Замучившись, взмокнув, она тем не менее гордится неуемным “младенцем Гераклом”. Его обременительные выходки забавляют ее. В доме только и разговоров, что Али изгрыз новые туфли, расколотил предпоследнюю приличную чашку, оросил упавшую на пол не дочитанную отцом газету… Все эти неприятности доставляют ей массу удовольствия.

— Ты напоминаешь безумную бабушку. У меня такое чувство, будто я одарила тебя внуком! — замечаю, слегка досадуя.

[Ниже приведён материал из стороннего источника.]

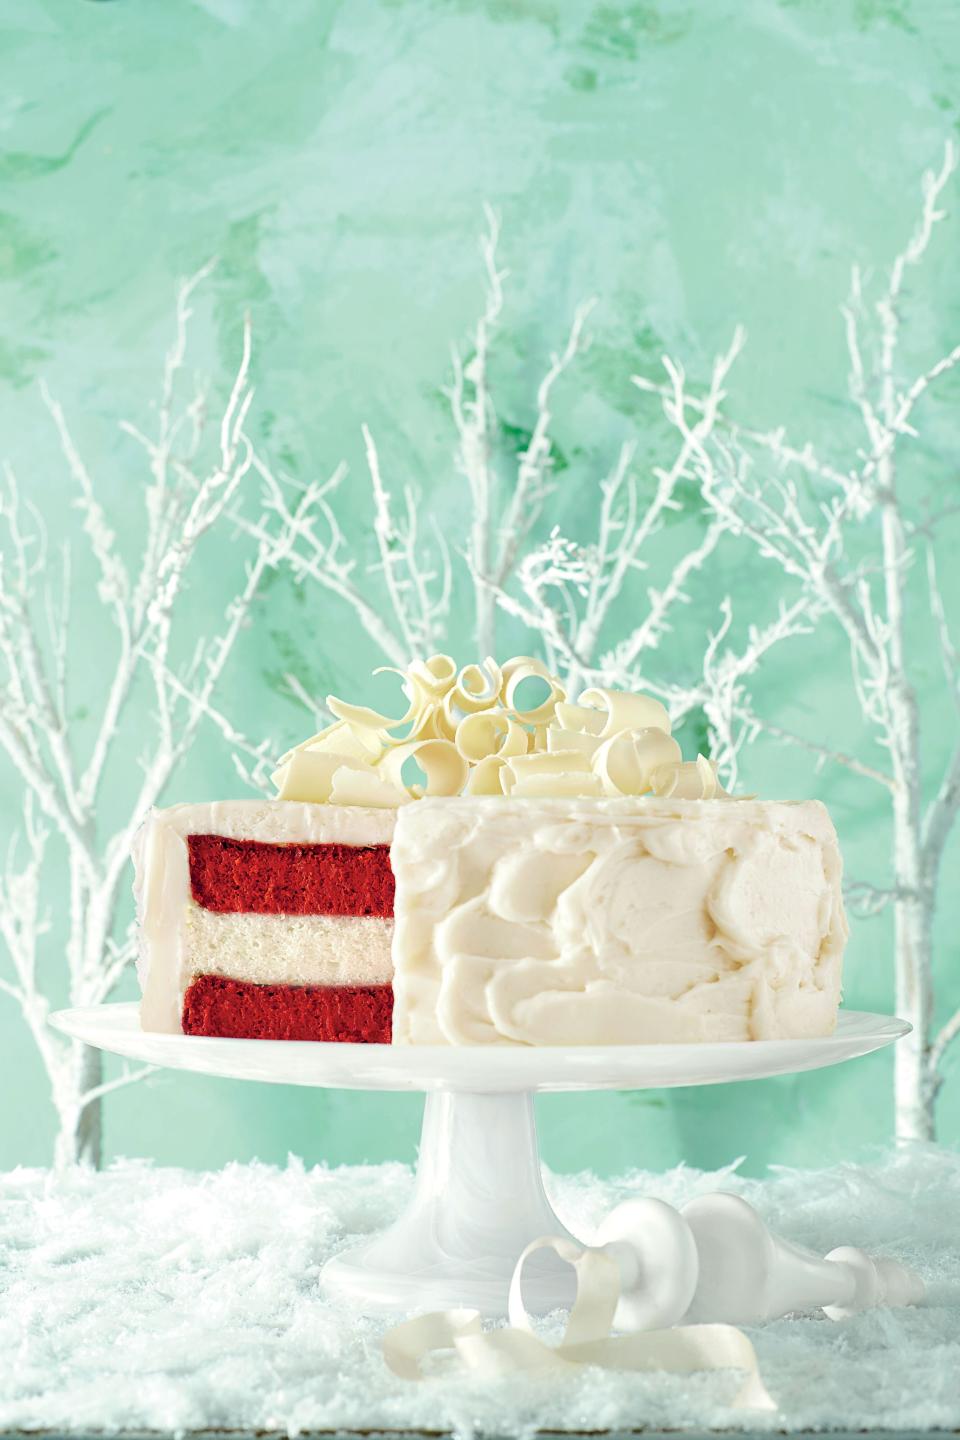 Red Velvet Cheesecake-Vanilla Cake with Cream Cheese Frosting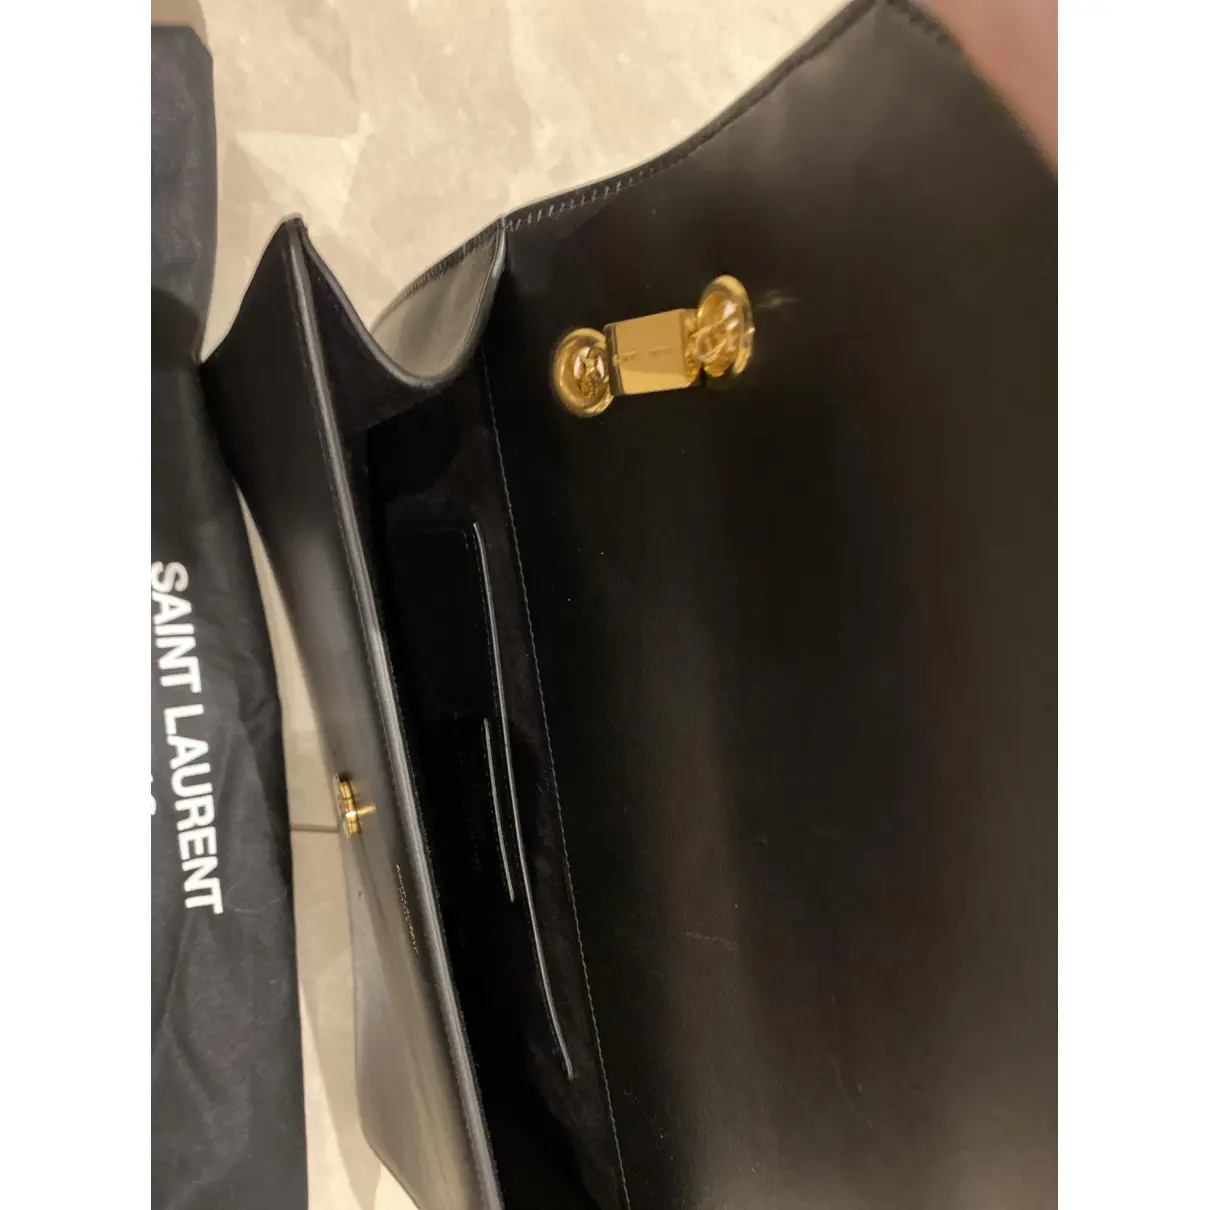 Betty leather handbag Saint Laurent

— Типун тебе на язык! — простодушно откликается мама. Серьезного бремени ей не хочется, с нее довольно. Она остро, по-детски нуждается в радости. Лишаясь ее, мама сникает, с нею — по-прежнему готова презирать усталость, бедность, вплотную подступившую дряхлость. Прежде мы со Скачковым, а иногда и Вера, умеющая вспыхивать легким внезапным остроумием, наперебой развлекали и смешили ее. Это было славное, благодарное занятие. Теперь Скачков исчез, Вера скучно забеспокоилась насчет предназначения женщины, я и подавно никуда не гожусь.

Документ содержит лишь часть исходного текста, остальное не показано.